S.S. Jain And Co. Appellant
VERSUS
COLLECTOR OF CENTRAL EXCISE Respondents

JUDGEMENT

S.KALYANAM,MEMBER - (1.) THIS is an application for waiver of pre -deposit of duty of Rs. 2,80,117.08 and a total penalty of Rs. 72,000 on the petitioner under the impugned order of the Collector of Central Excise, Madras, dated 28.6.1991.
(2.) SHRI Chidambaram, the learned Consultant for the petitioner, submitted that duty has been levied for the period 5.10.1979 to 20.6.1981 by issue of a show cause notice dated 7.1.1982 by invoking the longer period of limitation in terms of proviso to Section 11A of the Central Excises and Salt Act, 1944 inter alia alleging that the petitioner manufactured and cleared branded and non -branded bins without payment of duty.
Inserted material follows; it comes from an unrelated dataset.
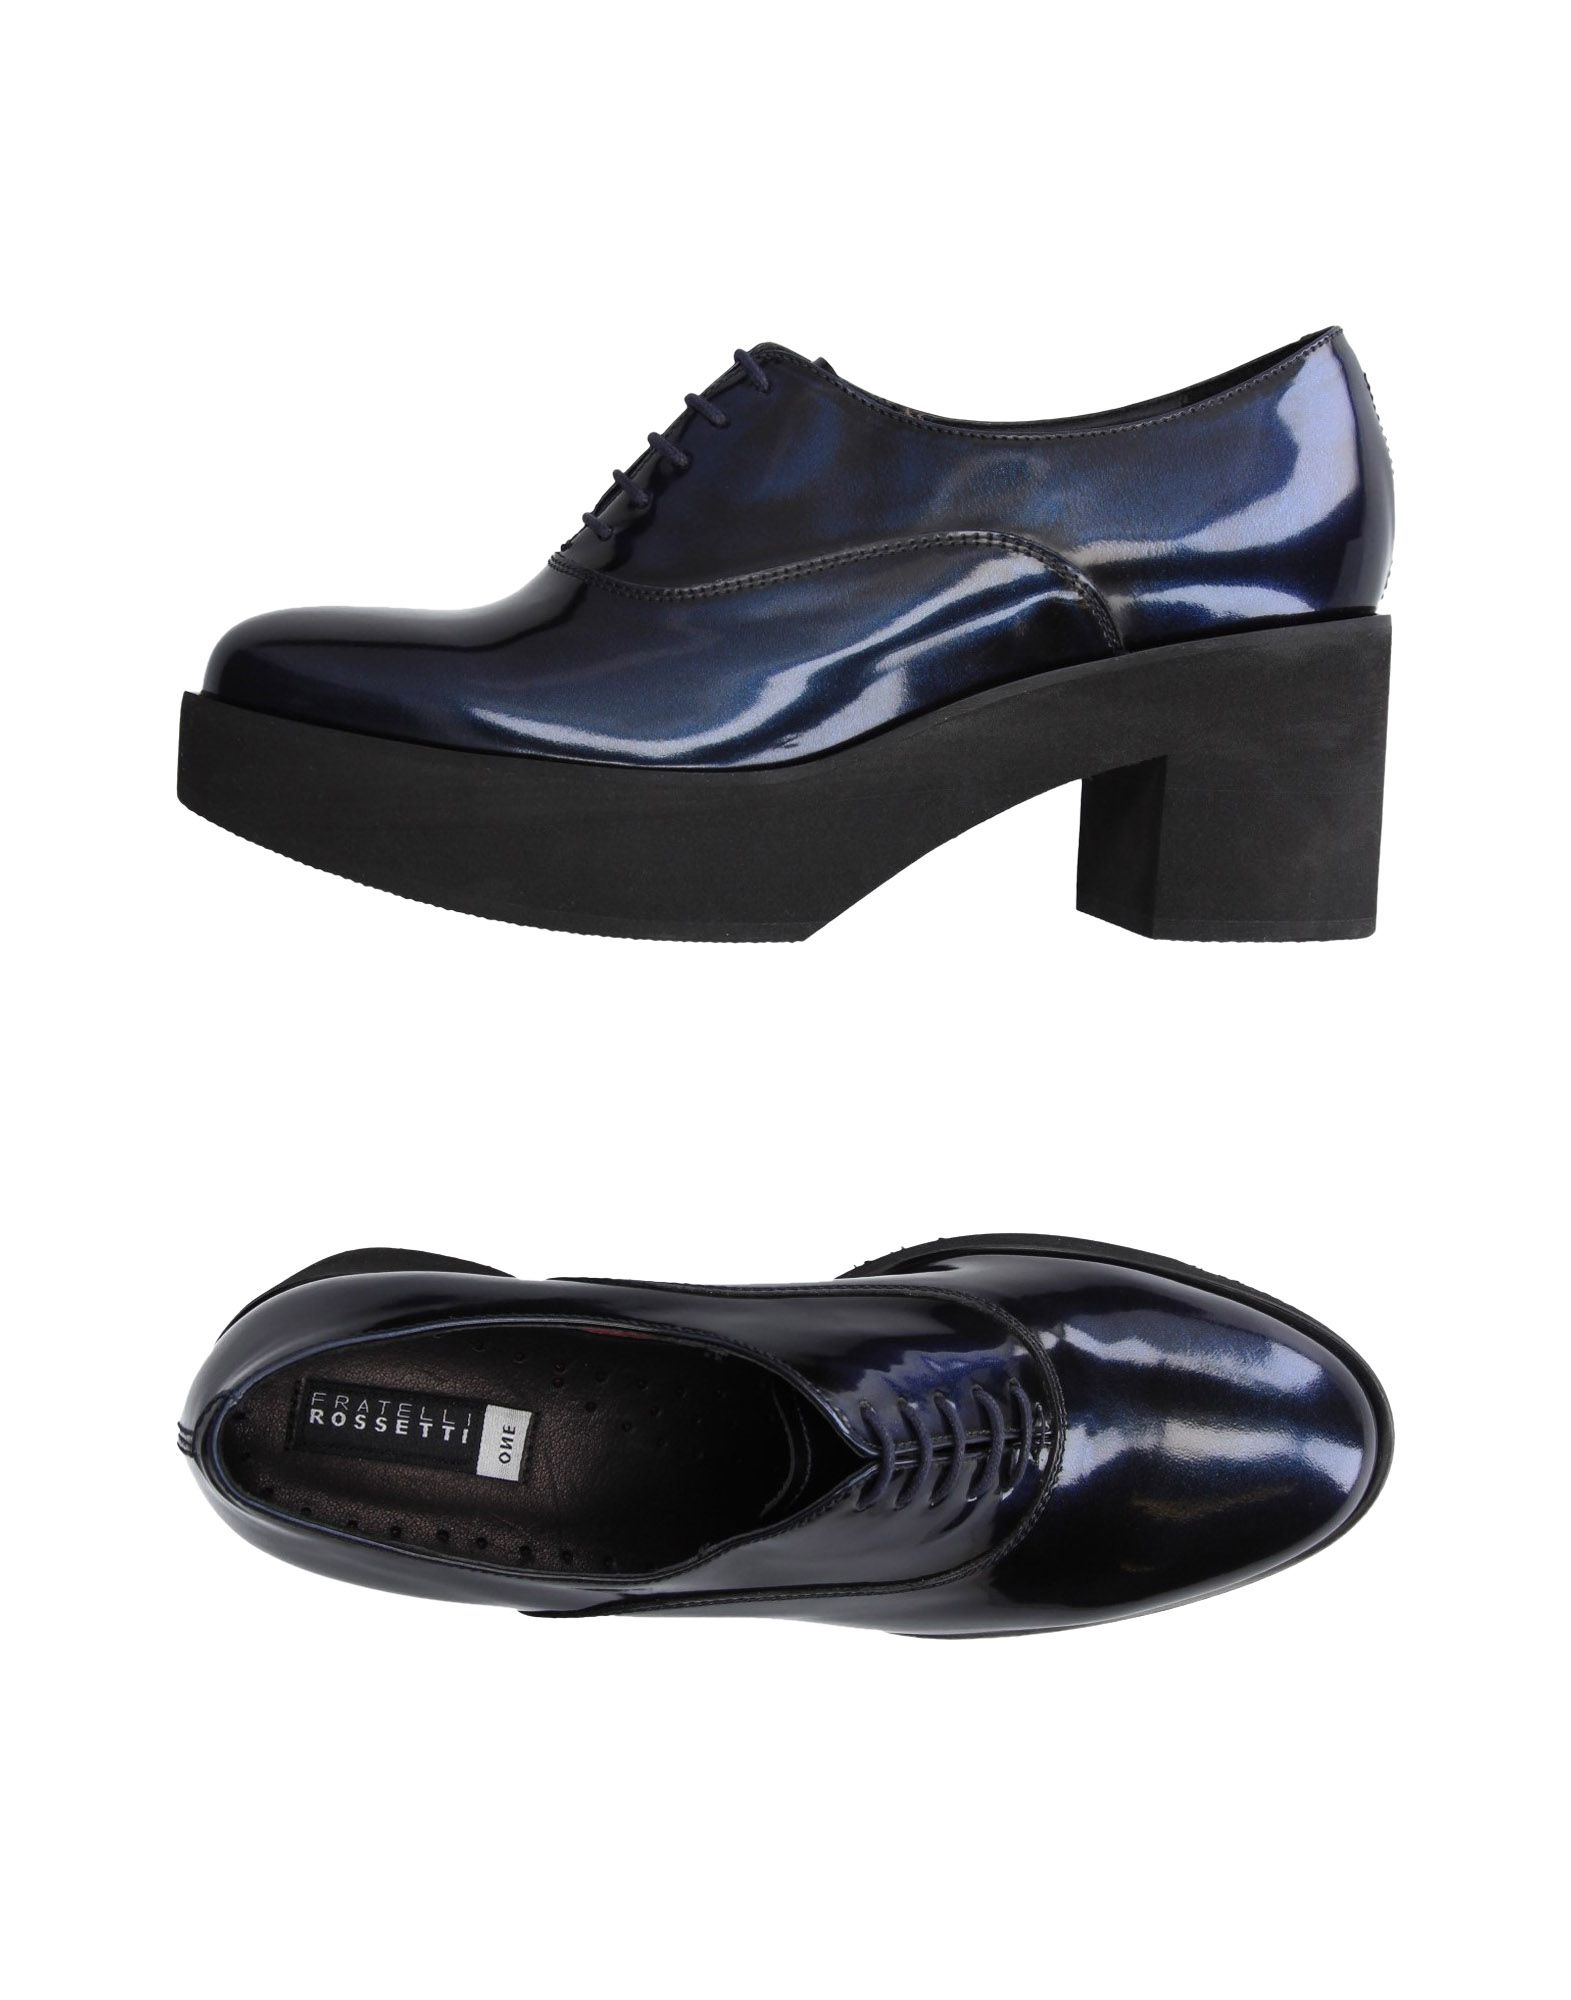 Fratelli Rossetti Schnürschuhe Damen  11219351FOGut aussehende strapazierfähige Schuhe
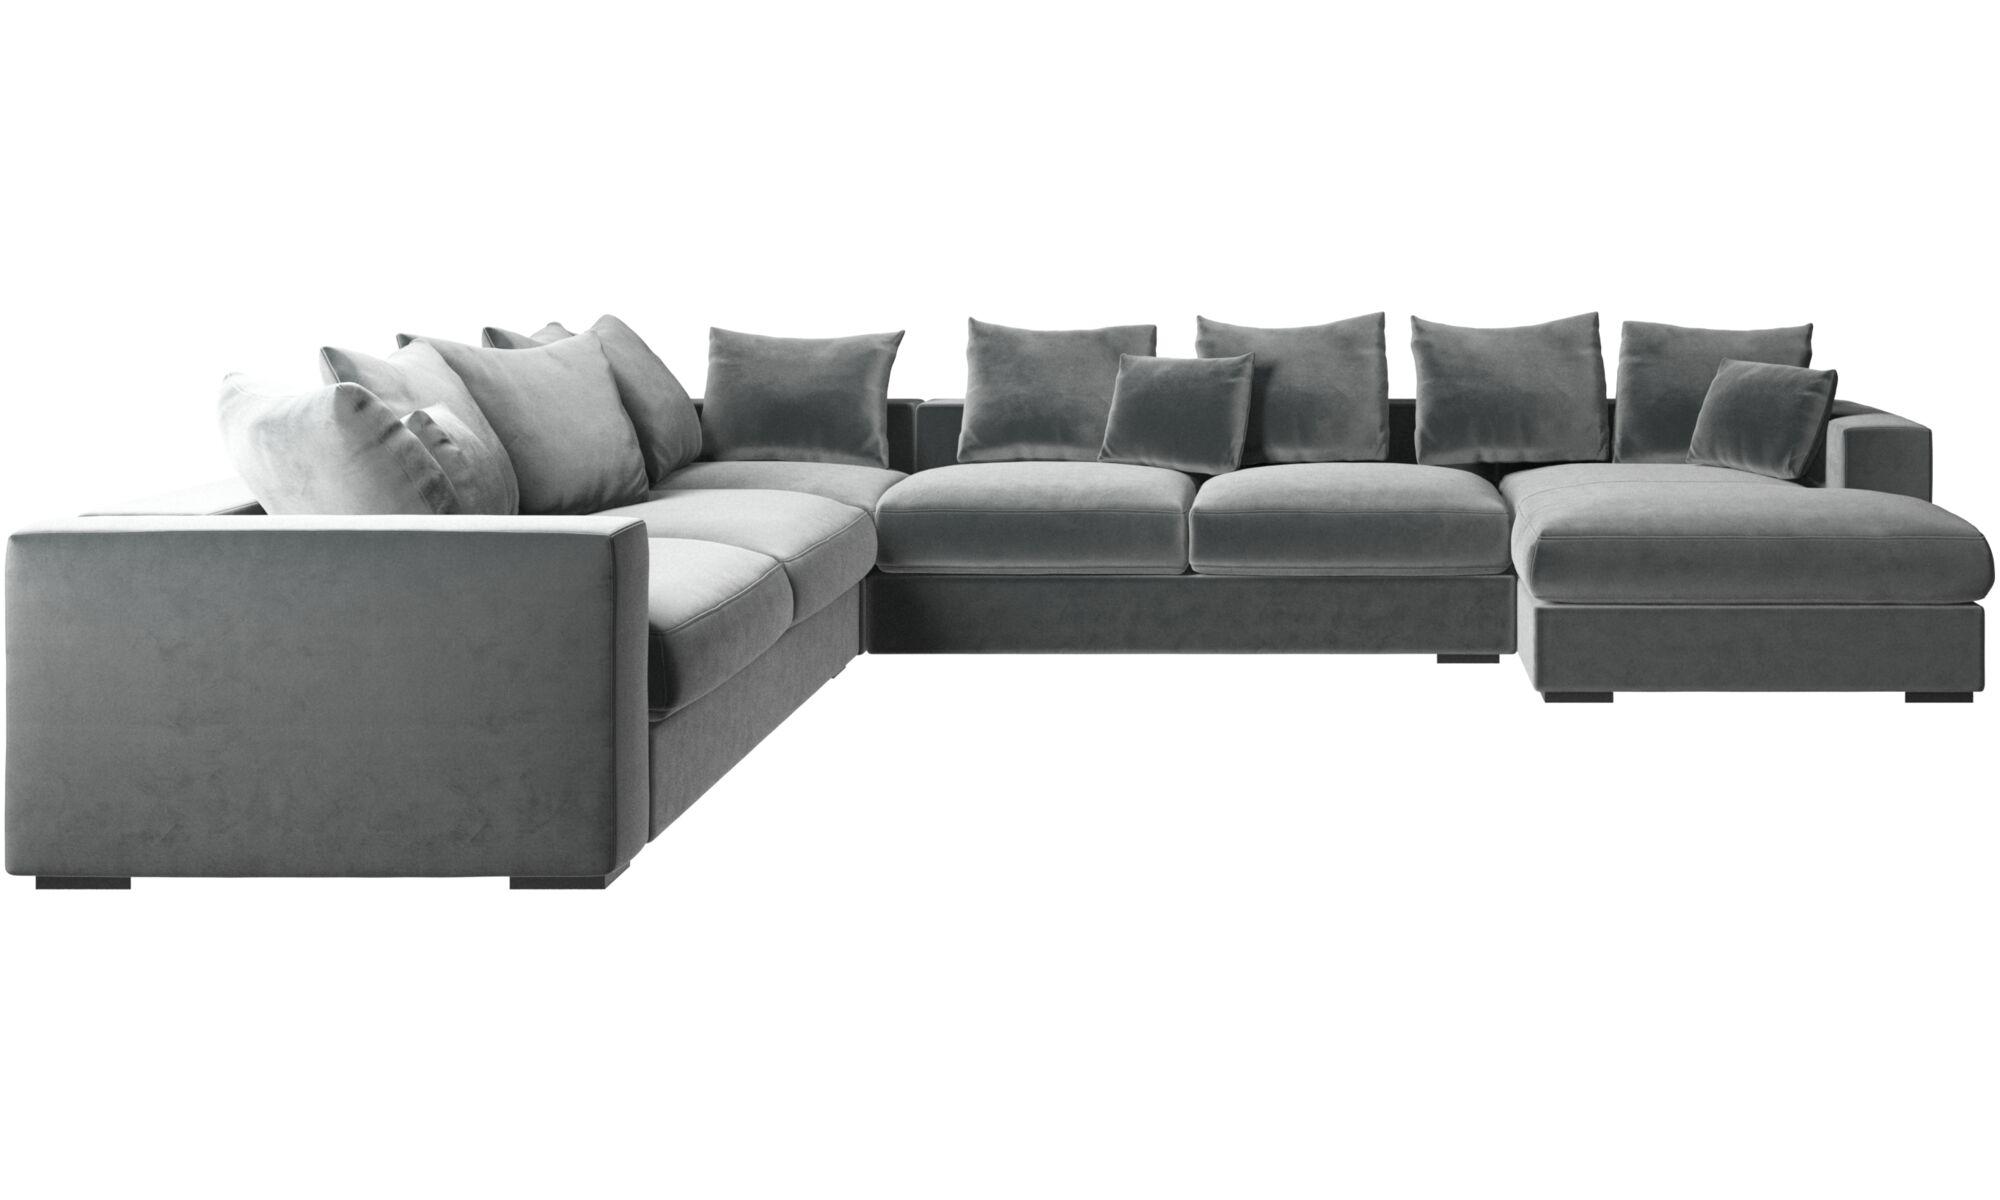 Canapés d'angle - Canapé d'angle Cenova avec méridienne - Vert - Tissu

It was submitted that reliance has been mainly placed in the impugned order on the statement of one Khaleelkhan, who was functioning as Commission Agent -cum -supervisor, and statement of Shri Khaleelkhan would prima facie show that he was an independent manufacturer and in addition to that his own brother Rawoofkhan was a manufacturer of biris. The learned Consultant further submitted that in respect of the total quantity of biris sent through Punjab National Bank and received at the petitioners' head office at Delhi, payments for the entire value have been made to the said Khaleelkhan, which factor would only indicate that the petitioner was not prima facie the manufacturer. The learned Consultant further referred us to the various terms of the contract dated 8.4.1978 between the petitioner and the said Khaleelkhan. He further urged that the plea of suppression is not prima facie sustainable in law when the goods arc under physical control and placed reliance in this regard on the rulings of the Tribunal in the case of Leather Chemicals and Industries Ltd. v. Collector of Central Excise 1984 ECR 864 (Cegat SB -C) and in the cases of Premier Matches v. Collector of Customs (Tribunal) L.M.L Ltd. v. Collector of Central Excise . He further urged that the show cause notice docs not specifically indicate the quantum of duty with the result it is not in conformity with the statutory requirement in terms of Section 11A of the Act and in this context placed reliance on the ruling of the Supreme Court reported in 1988 (17) ECR 1 (SC) : ECR C 1281 SC and Karnataka High Court in . Finally he urged that the partnership firm is not in existence and the firm was dissolved way back in 1987 and the erstwhile partners arc not dealing in biris.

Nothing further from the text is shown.